**INPUT DATA:**

__________

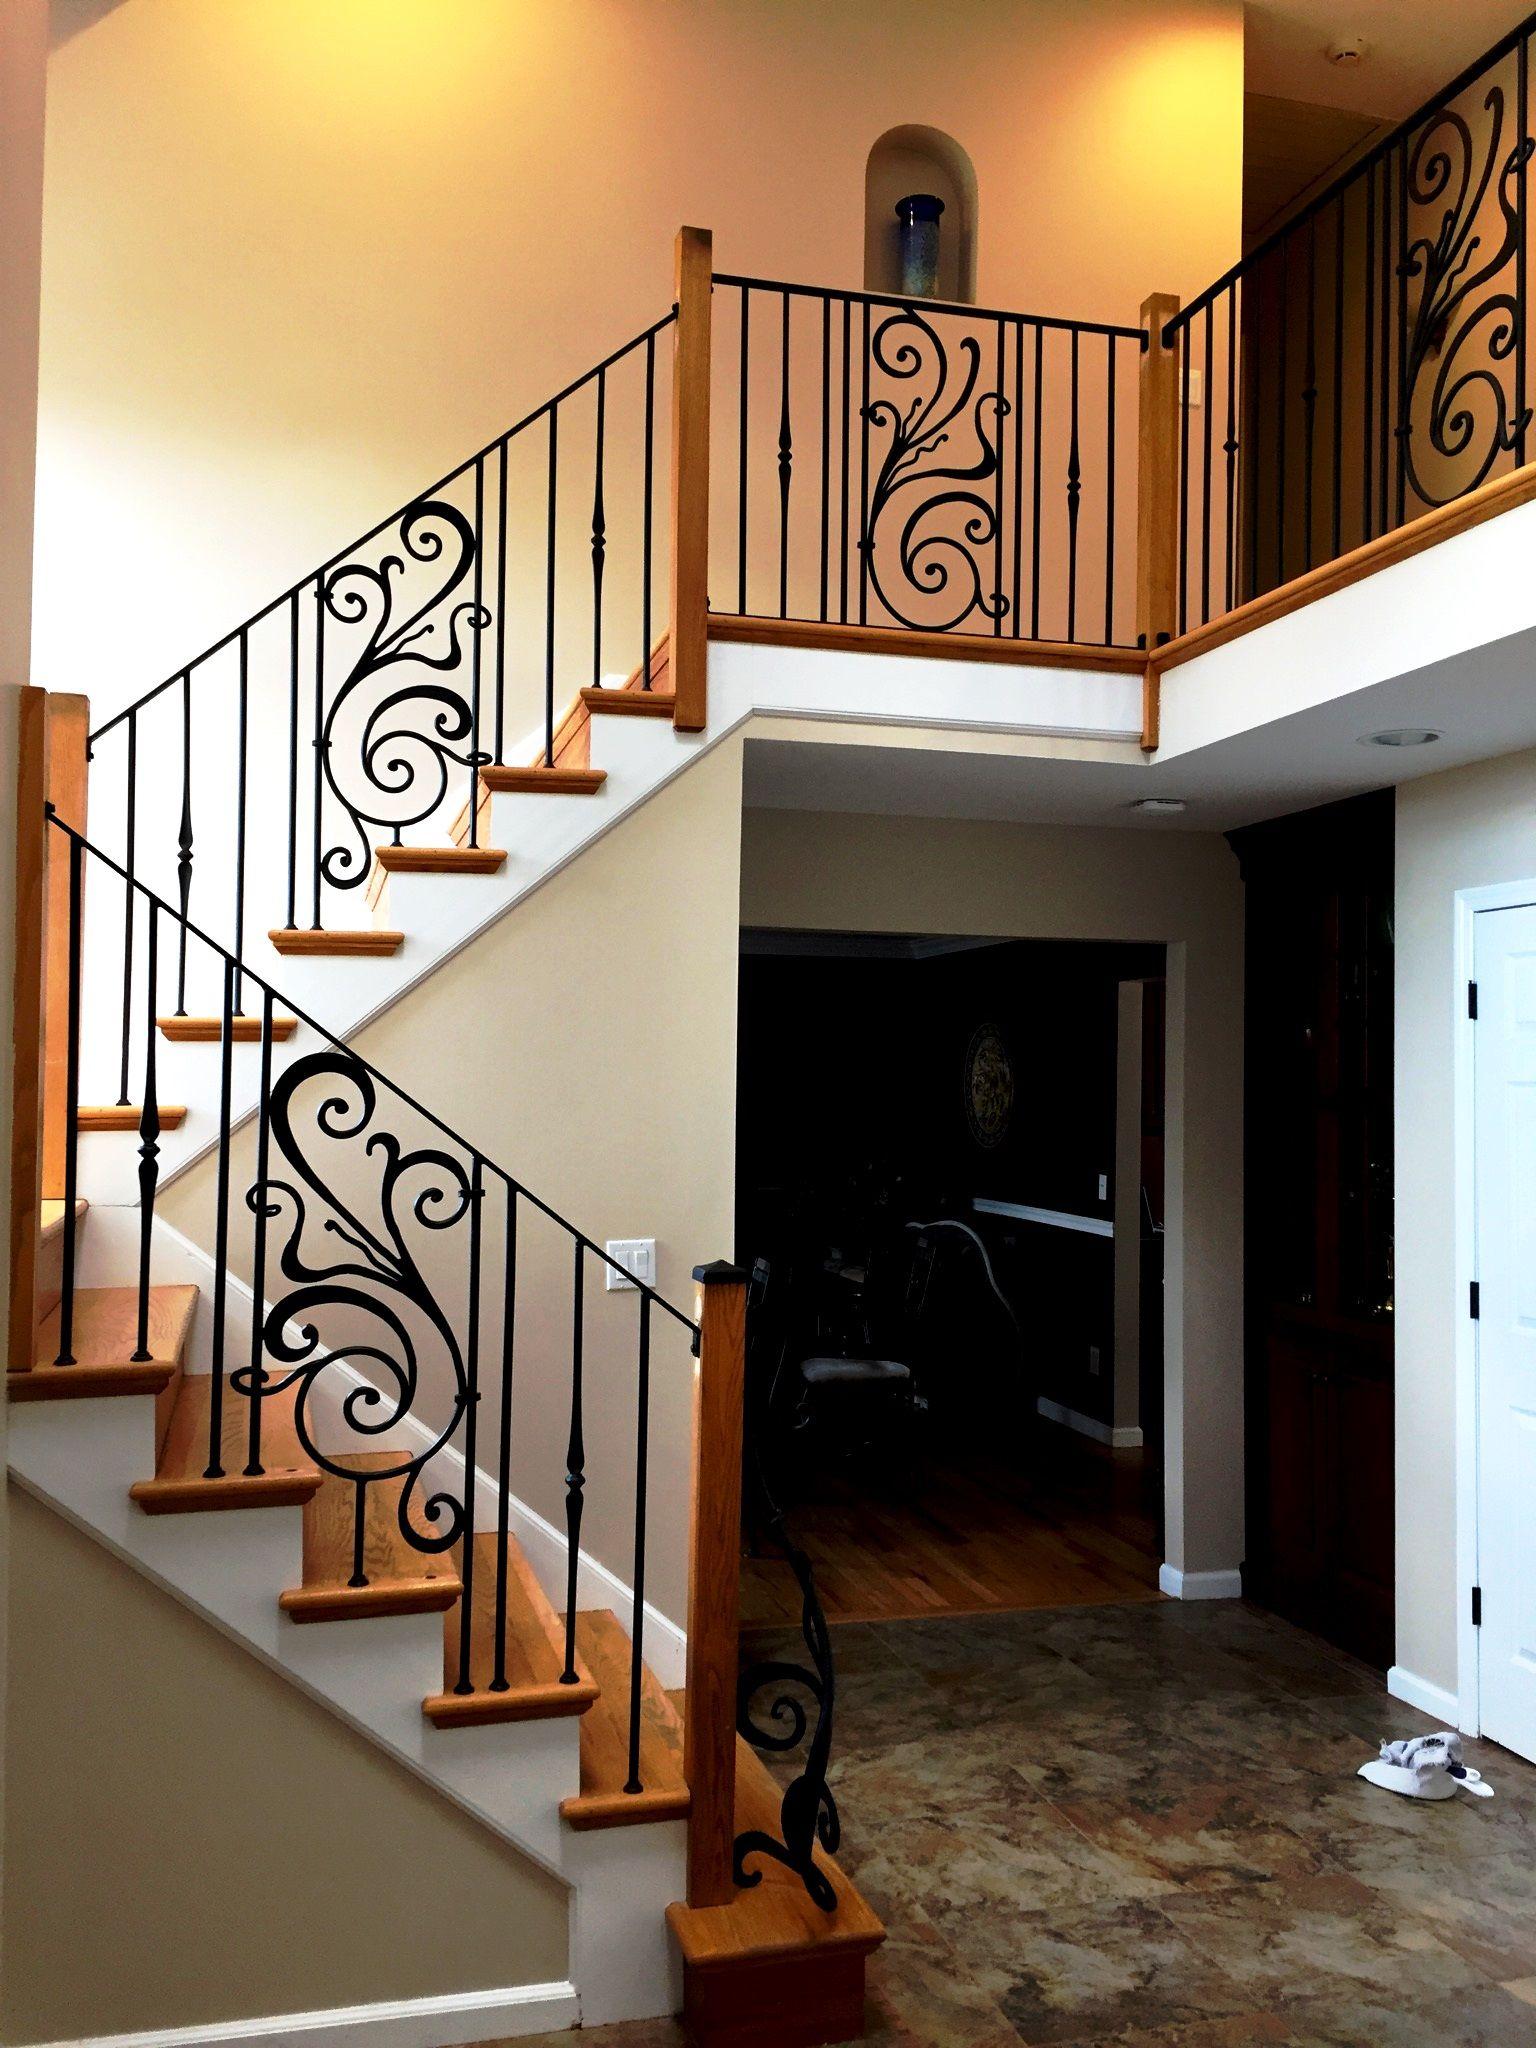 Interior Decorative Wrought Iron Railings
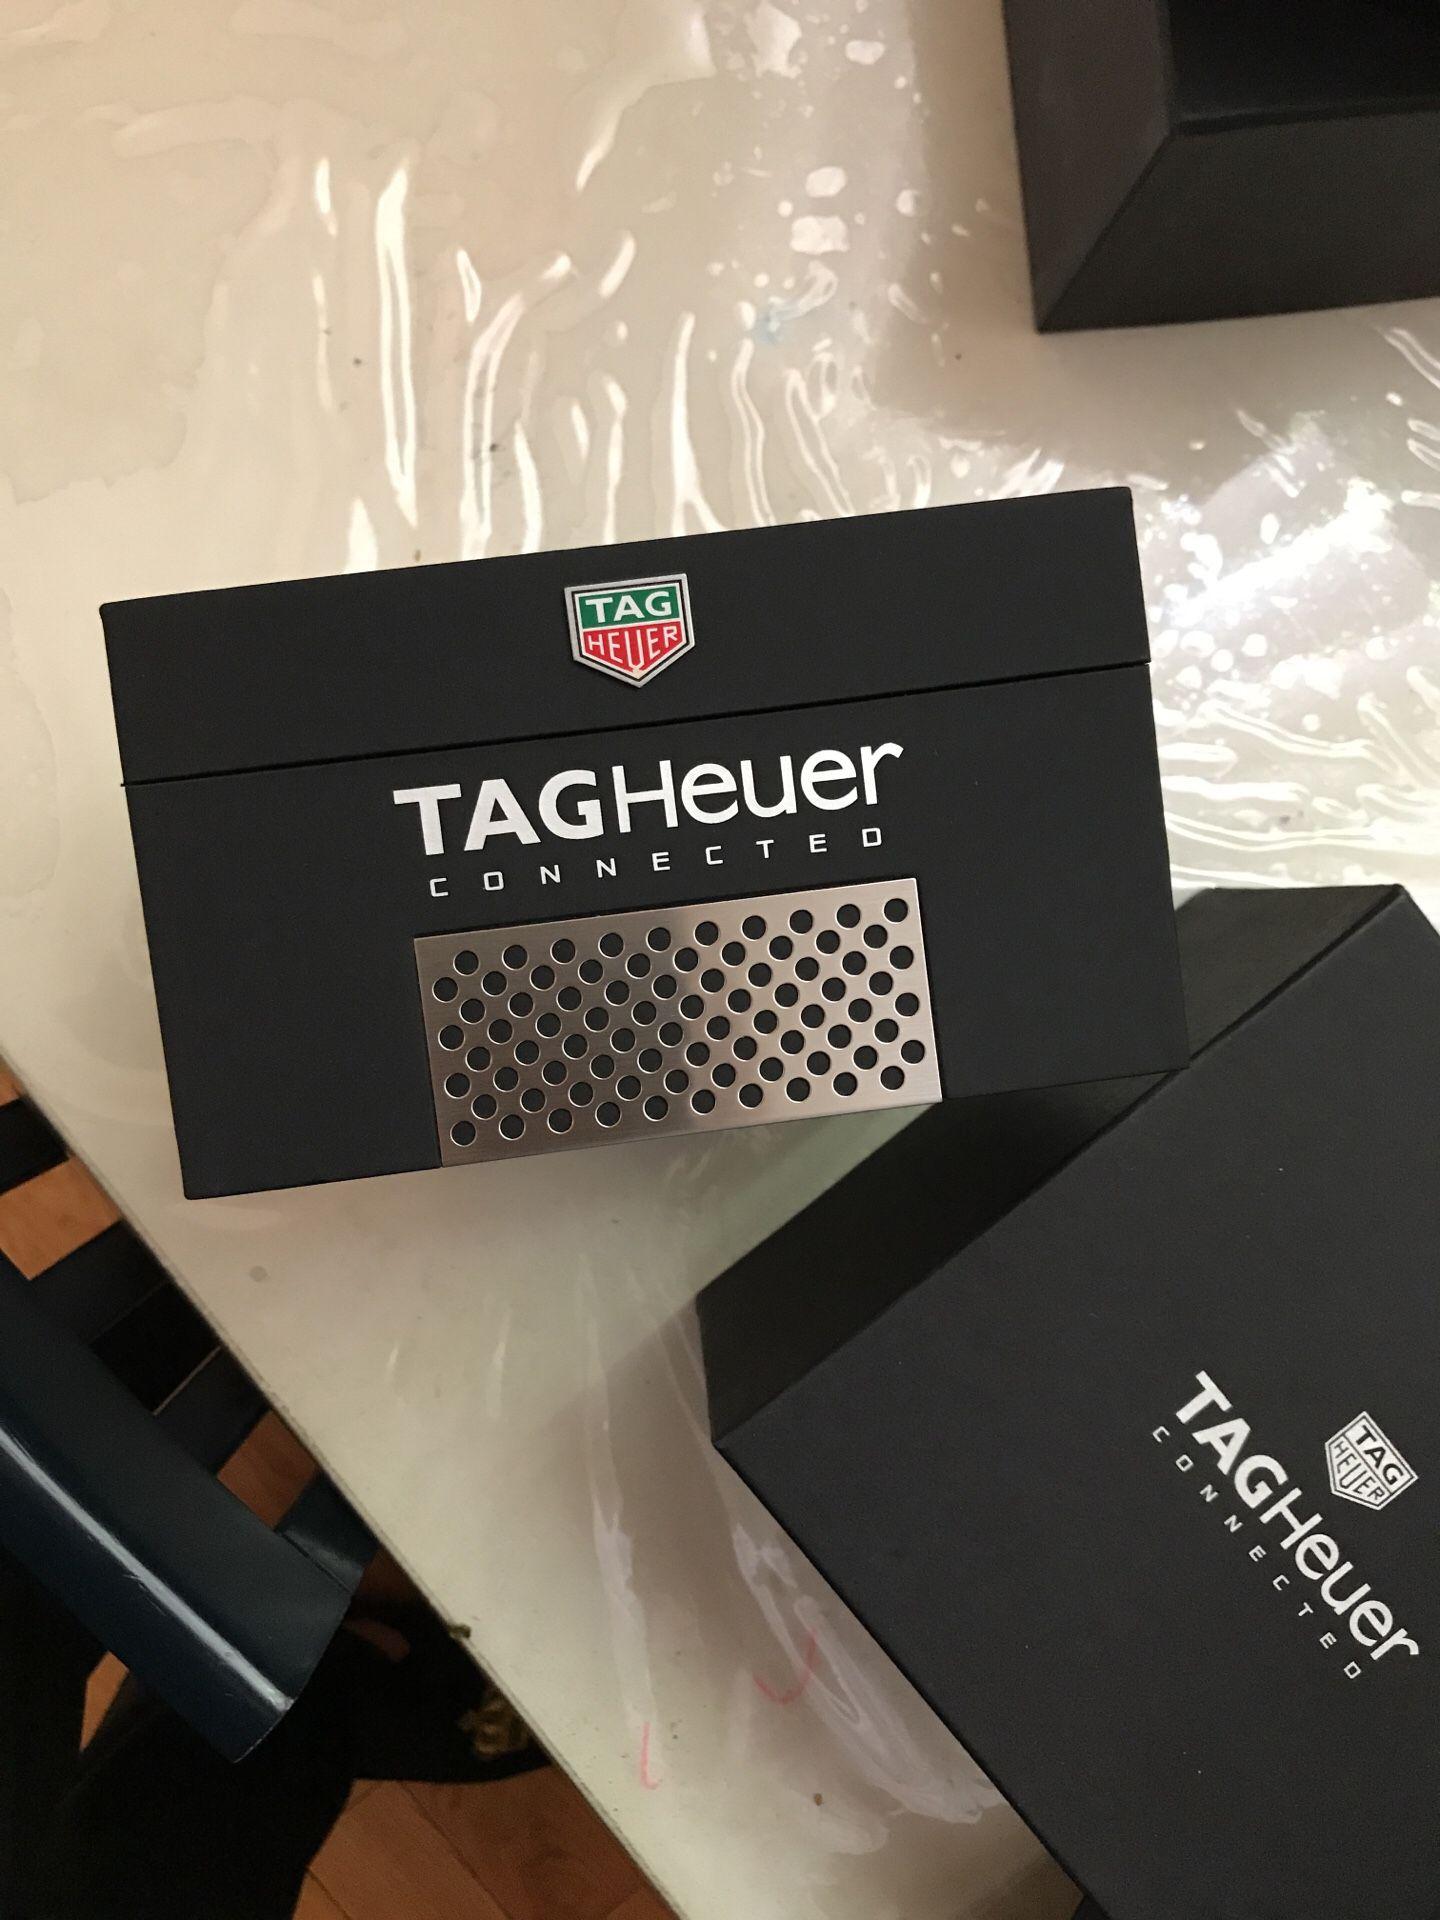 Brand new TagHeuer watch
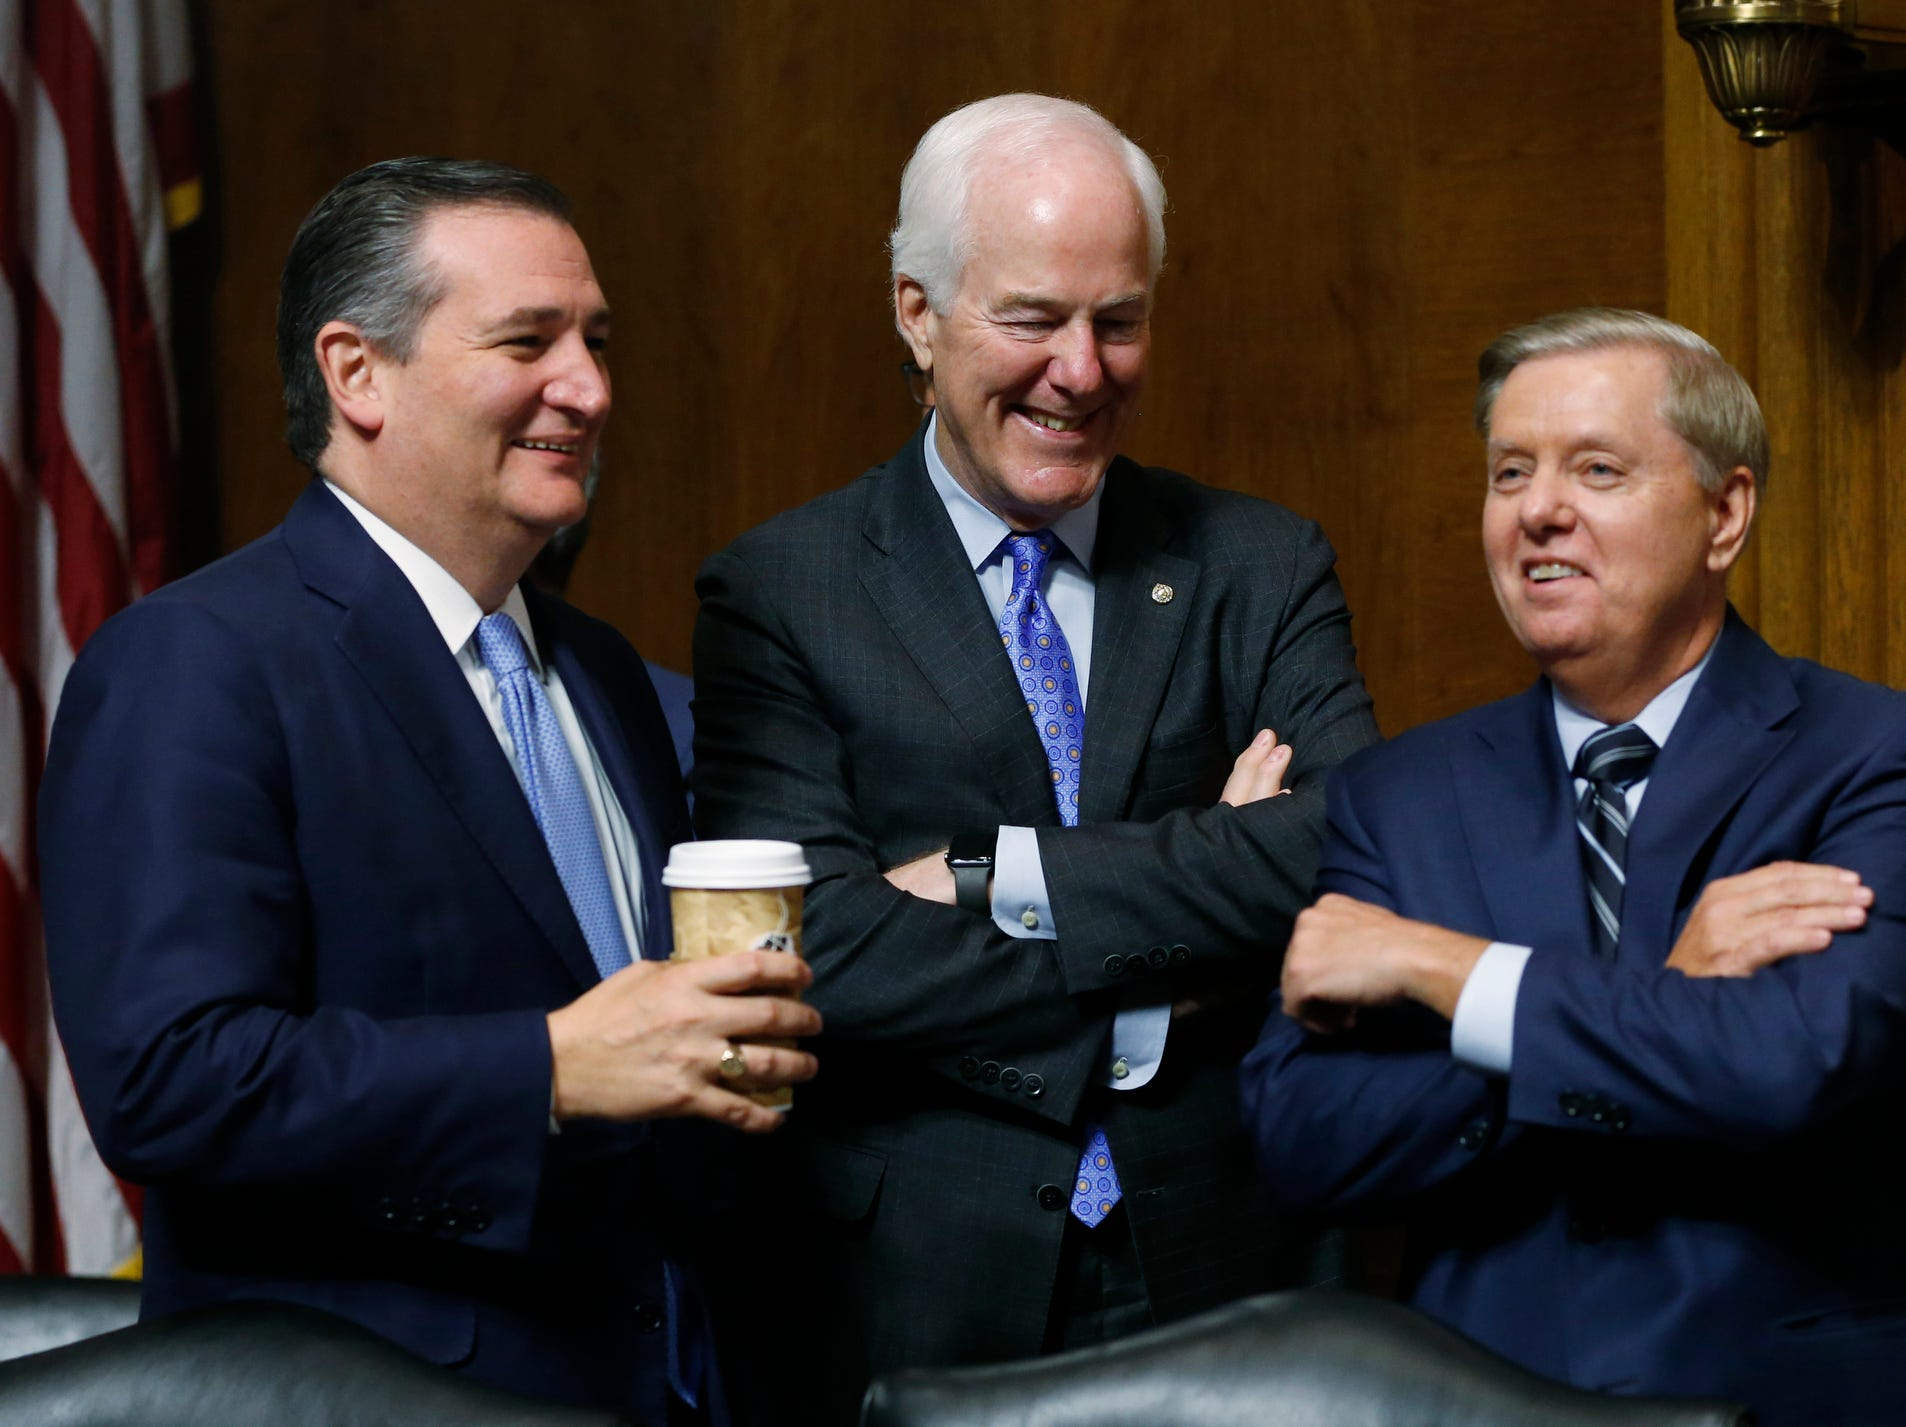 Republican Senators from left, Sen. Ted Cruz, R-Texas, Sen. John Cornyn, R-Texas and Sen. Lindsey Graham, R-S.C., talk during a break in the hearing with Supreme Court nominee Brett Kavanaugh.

__________

**TRY IT:**
Set down the complete material exactly, but do not include the images.

**SOLUTION BELOW:**
 Interior Decorative Wrought Iron Railings
 Brand new TagHeuer watch
 Republican Senators from left, Sen. Ted Cruz, R-Texas, Sen. John Cornyn, R-Texas and Sen. Lindsey Graham, R-S.C., talk during a break in the hearing with Supreme Court nominee Brett Kavanaugh.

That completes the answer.